What is the difference between Mac and PC video cards?

Thanks


----------



## DeltaMac (Aug 25, 2003)

Generally speaking, a graphics card sold for PCs will not work in a Mac, and vice versa (some cards can be changed through a firmware installation.) You may find a difference in cost. If the cards are otherwise identical, the firmware installed on the cards will be different, and then, the installed drivers may not provide completely identical functions on both cards.  The various graphics sites that provide benchmark tests sometimes will directly compare a Mac to a PC card. IMHO, there's too many variables to correctly compare identical models on a Mac and a PC.


----------



## macmastah (Aug 25, 2003)

Thank you very much for the help.


----------



## Krevinek (Aug 25, 2003)

The two key differences IMO are the drivers and firmware. Because the cards are designed for little-endian operation (nVidia makes chips that can operate as both big-endian and little-endian), drivers wind up doing byte-swapping... which will hinder performance of most ATi cards on the Mac vs their PC counterparts.


----------



## Arden (Aug 25, 2003)

Explain please: endian, byte-swapping, flashing firmware


----------



## Krevinek (Aug 25, 2003)

Endian-ness refers to how the 4 bytes (or 8 in the case of the G5) of a value are organized in memory. Big-endian systems are easier to debug manually (it reads like a series of normal numbers), while little-endian systems are there from older design like the x86 and 68k (it takes more time to read through numbers, as chunks are 'out of order' in left->right languages).
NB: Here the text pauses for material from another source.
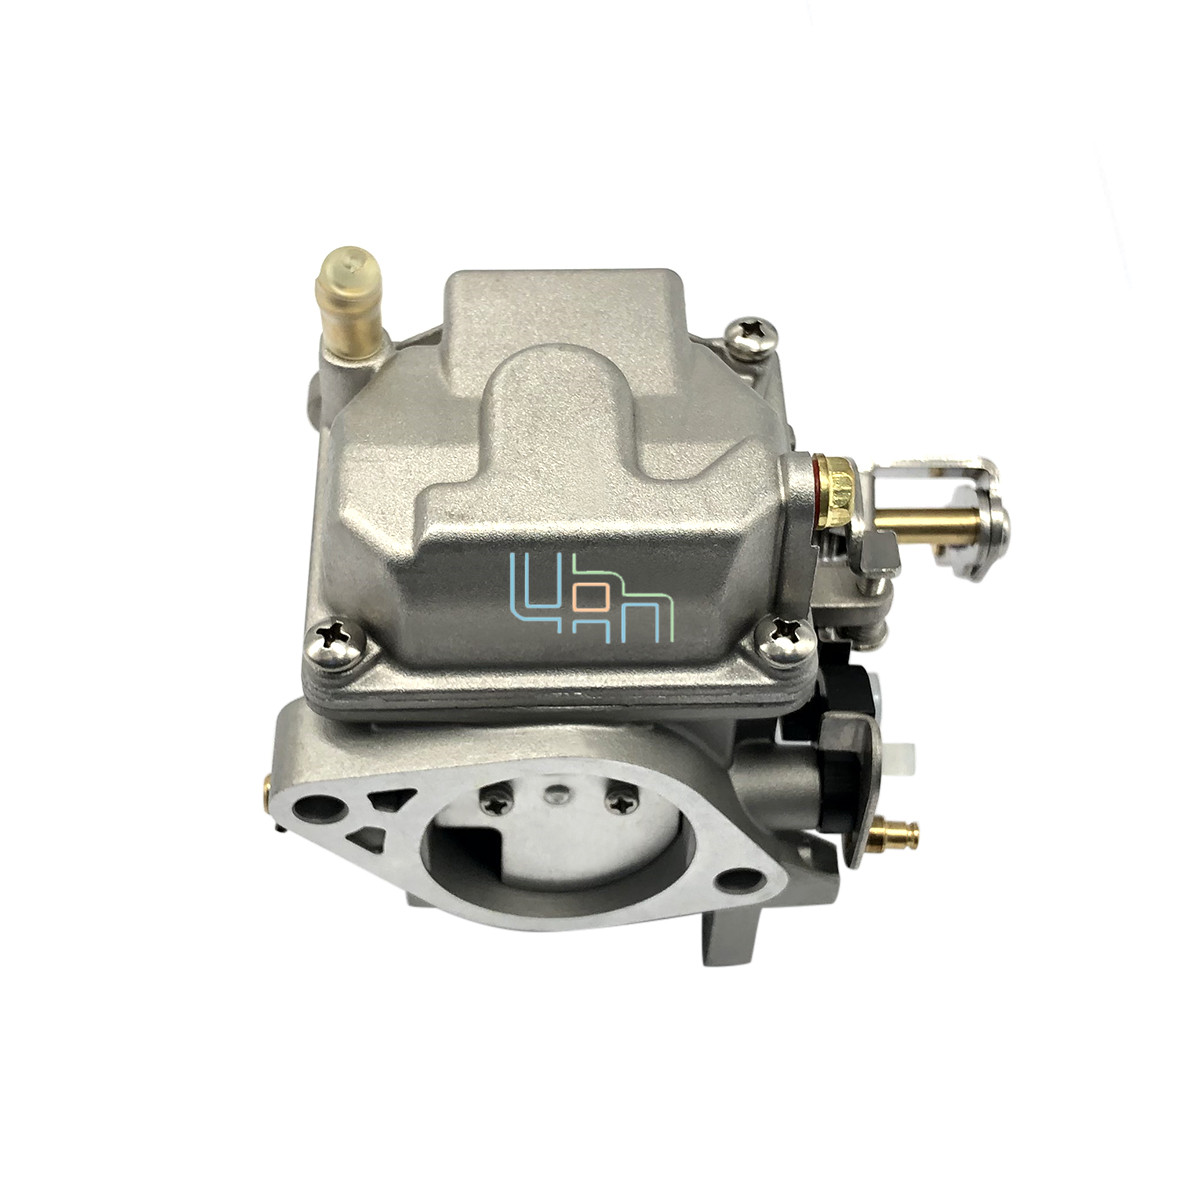 13200-91D21 13200-939D1 Carburetor For  Suzuki 15HP DT15 DT9.9

Little-endian was easier to work with when going from 8-bit to 16-bit chips (Reading from memory was easier to implement from existing design).

Byte-swapping is changing from Big-endian to little-endian or the other way around.

Flashing firmware is taking new software, and putting it into the erasable ROM (usually a FLASH ROM, hence the term 'flashing').

The PPC is Big-endian, the x86 little-endian... and because of the larger x86 installed base, cards are designed to be little-endian. So, Mac drivers usually have to change data from Big-endian to little-endian before giving it to the card. ATi cards perform slightly worse on the Mac platform as a result (it takes time to 'byte swap').


----------



## Arden (Aug 25, 2003)

Muchas gracias.


----------